Читать «Иосиф Бродский. Вечный скиталец» онлайн - страница 38

Александр Александрович Бобров

Дальнейшая история отношений Бродского и Ахматовой хорошо известна, «…В один прекрасный день, возвращаясь от Ахматовой в набитой битком электричке, я вдруг понял – знаете, вдруг как бы спадает завеса – с кем или, вернее, с чем я имею дело». Бродский стал постоянным посетителем, его стихи производили глубокое впечатление на Ахматову, но и в личном плане между ними установилась та особая атмосфера доверительности, которая в редких случаях бывает между кровными родственниками, через поколение. Я стараюсь избежать милого русского слова «бабушка», поскольку это очень домашнее слово никак не пристает к пожизненно бездомной, жившей как бы не в четырех стенах, а на четырех ветрах Ахматовой. По «внутренней форме слова» больше подходило бы европейское grandemere, Grossmutter, grandmother – «Великая Мать». Ахматова тепло относилась к окружившей ее компании поэтической молодежи, среди которой были Наталья Горбаневская, Дмитрий Бобышев, Михаил Мейлах и ее секретарь, Анатолий Найман, но к Иосифу Бродскому ее отношение было совершенно особенным – и как к человеку, и как к поэту. Годы близости с Ахматовой были периодом самых трудных испытаний в жизни Бродского, определивших всю его дальнейшую жизнь, – и любовная драма, и попытка самоубийства, и сумасшедший дом, и тюрьма, и кошмарный суд, и ссылка – и похоже, что все происходившее с ним трогало Ахматову самым интимным образом. Тому много свидетельств, приведу два – одно скорее забавного характера, другое, как мне кажется, трогательное.

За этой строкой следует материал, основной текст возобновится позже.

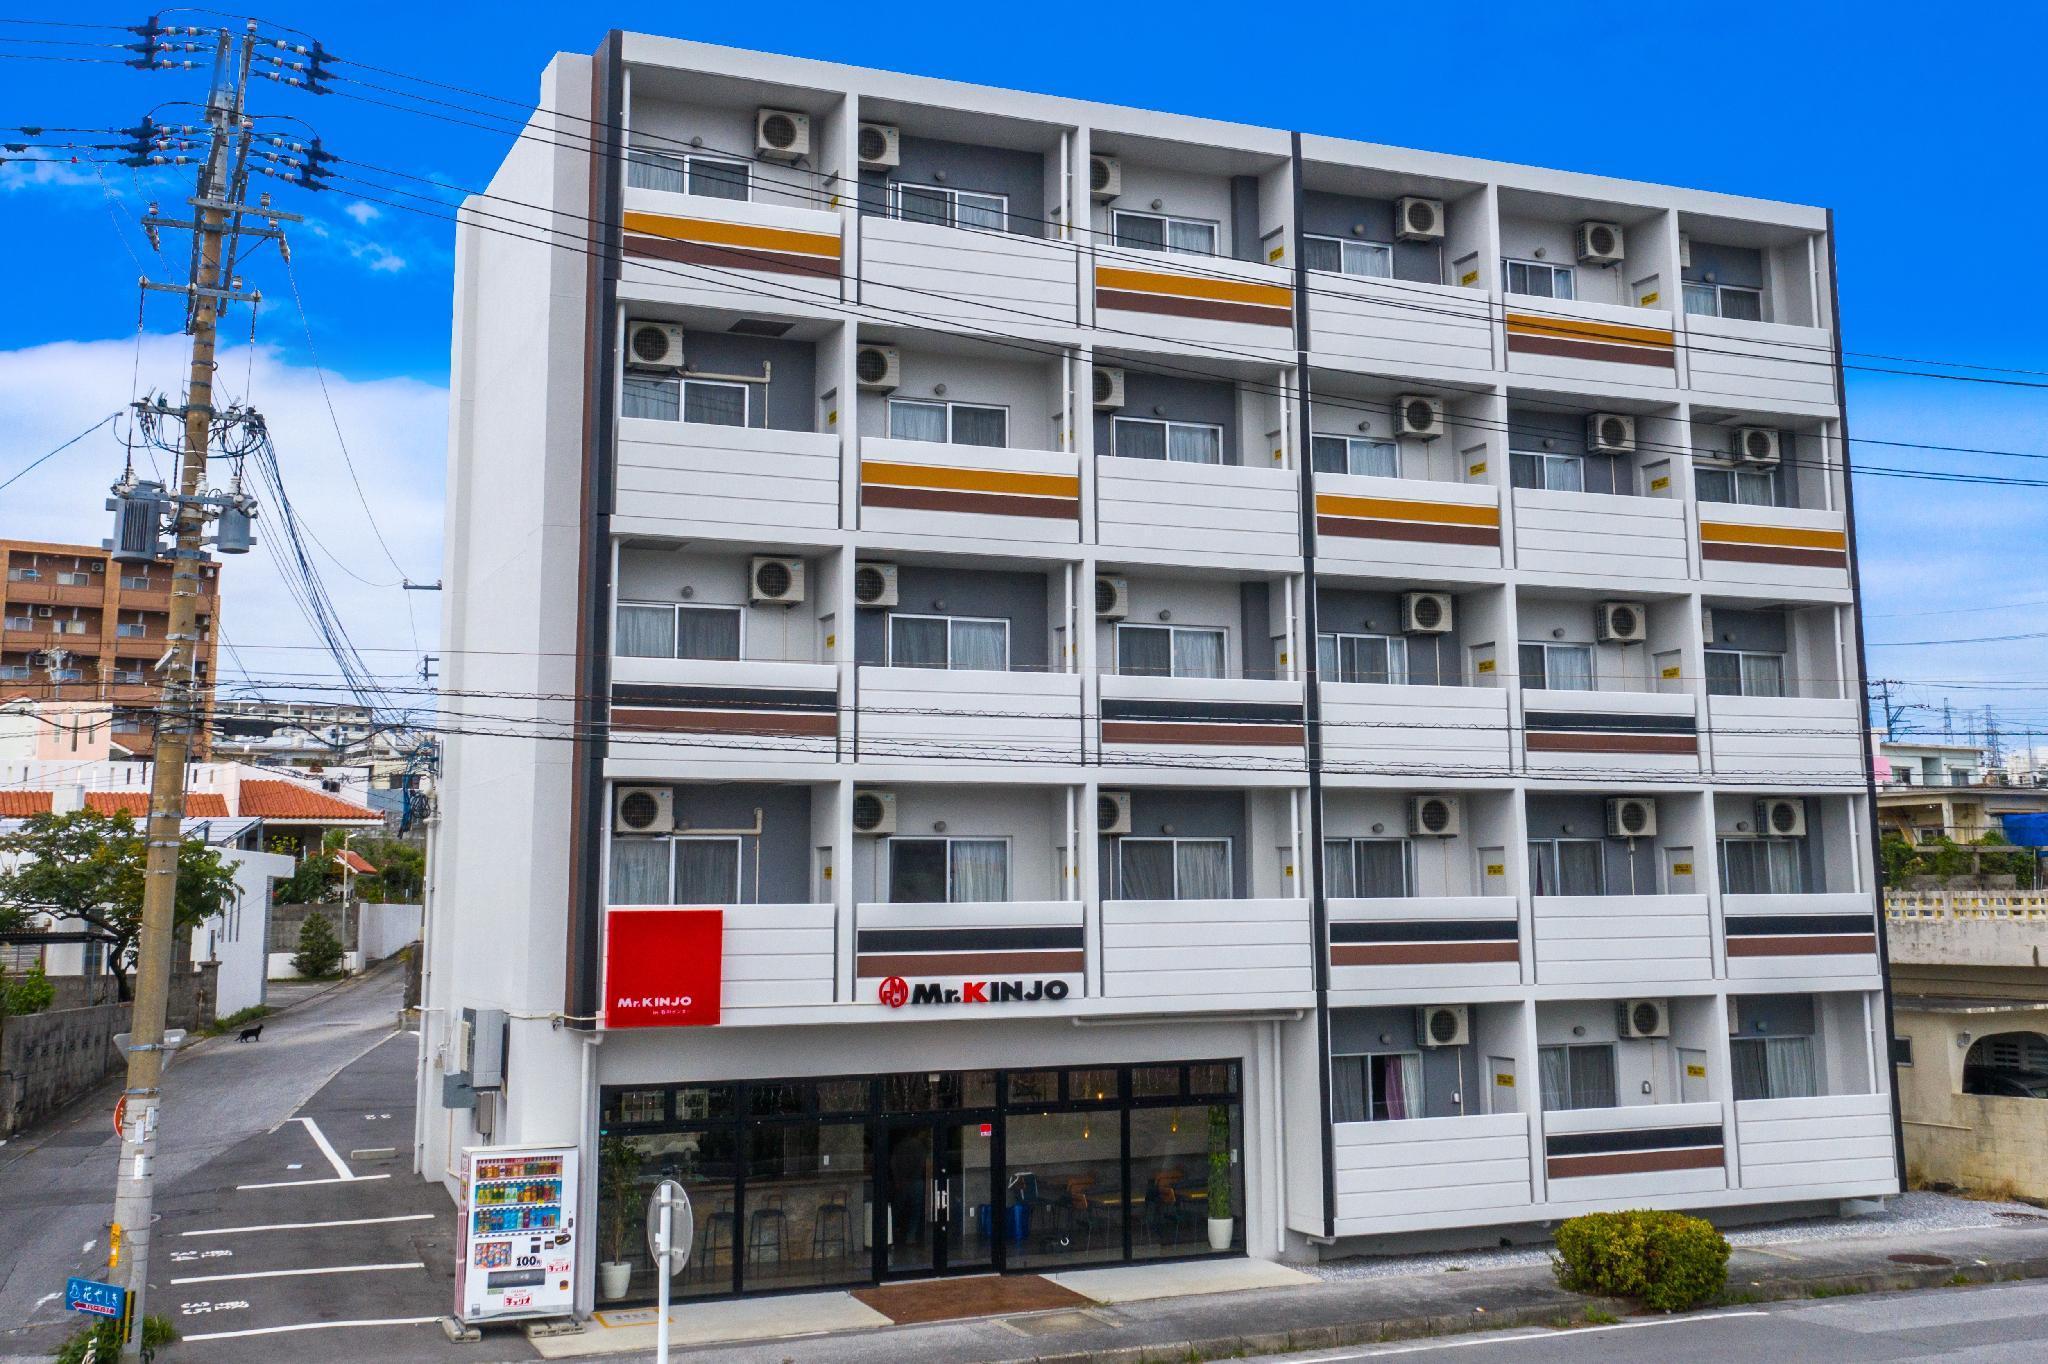 Mr. KINJO in Ishikawainter, Uruma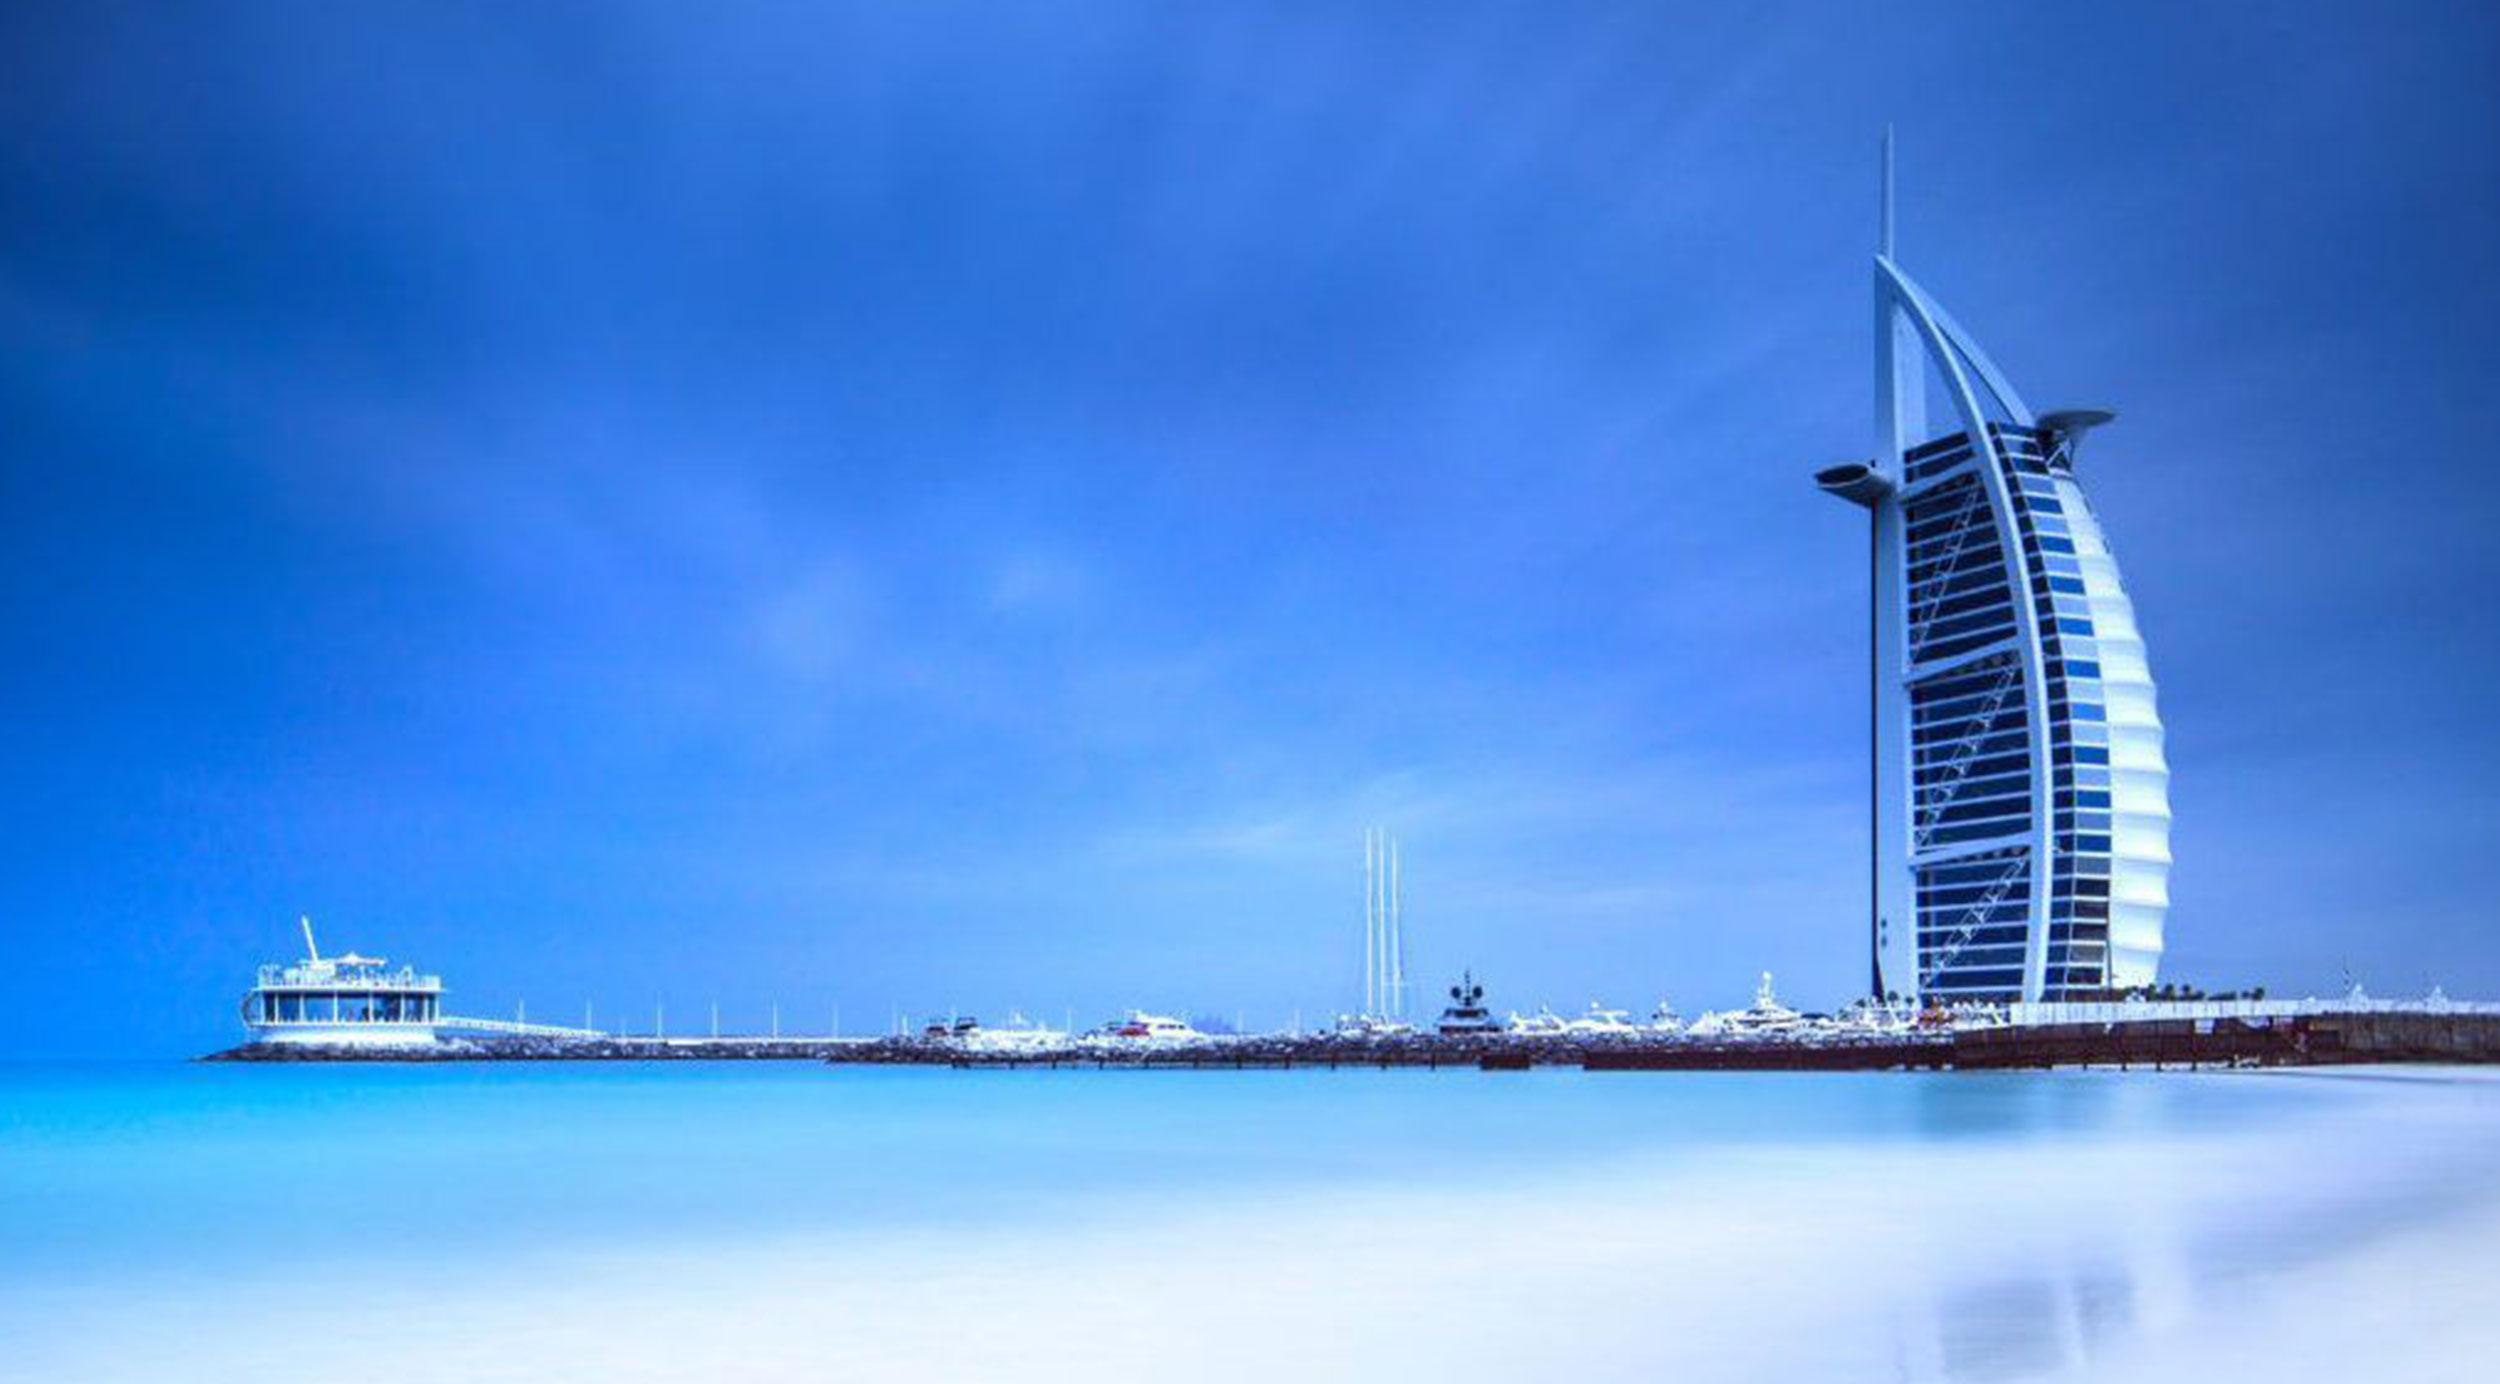 Projekt Webdesign München - Travel Service Dubai

В мемуарах Наймана читаем: «…когда его любовный роман <…> переместился почти целиком из поэзии в быт, <Ахматова> сказала: «В конце концов поэту хорошо бы разбираться, где муза и где блядь». (Прозвучало оглушительно, вроде «пли!» и одновременного выстрела; это слово она произнесла еще однажды, но в цитате, а вообще никогда ни прежде, ни после таких слов не употребляла. Прибавлю, что к реальной даме это отношения не имело, сказано было абсолютно несправедливо, исключительно из сочувствия и злости, в том же духе, что под горячую руку о бедной Наталье Николаевне, – но отсчет велся от поэта, к нему и выставлялись неснижаемые требования)» (Найман). Если верить мемуаристу, мы имеем здесь свидетельство исключительного отношения Ахматовой к юному Бродскому. Всегда контролирующая любую ситуацию Ахматова только дважды на его памяти выходила из себя настолько, чтобы выразиться абсолютно ей не свойственным непечатным образом.

Другое, столь же невольное свидетельство состоит из двух частей. Во втором томе «Записок об Анне Ахматовой», где много страниц посвящено вызволению Бродского из ссылки, 22 апреля 1964 года Чуковская записывает слова Ахматовой: «…наш герой ведет себя не совсем хорошо. Даже совсем не… Вообразите, Иосиф говорит: «Никто для меня пальцем о палец не хочет ударить. Если б они хотели, они освободили бы меня в два дня». <…> У него типичный лагерный психоз – это мне знакомо – Лева мне говорил, что я не хочу его возвращения и нарочно держу его в лагере…». В сентябре 1965 года Ахматова записывает в своем дневнике: «Освобожден Иосиф по решению Верховного Суда. Это большая и светлая радость. Я видела его за несколько часов до этой вести. Он был страшен – казался на краю самоубийства. Его (по-моему) спас Адмони, встретив его в электричке, когда этот безумец возвращался от меня. Мне он прочел «Гимн Народу». Или я ничего не понимаю, или это гениально как стихи, а в смысле пути нравственного это то, о чем говорит Достоевский в «Мертвом доме»: ни тени озлобления или высокомерия, бояться которых велит Ф<едор> М<ихайлович>. На этом погиб мой сын. Он стал презирать и ненавидеть людей и сам перестал быть человеком. Да просветит его Господь! Бедный мой Левушка».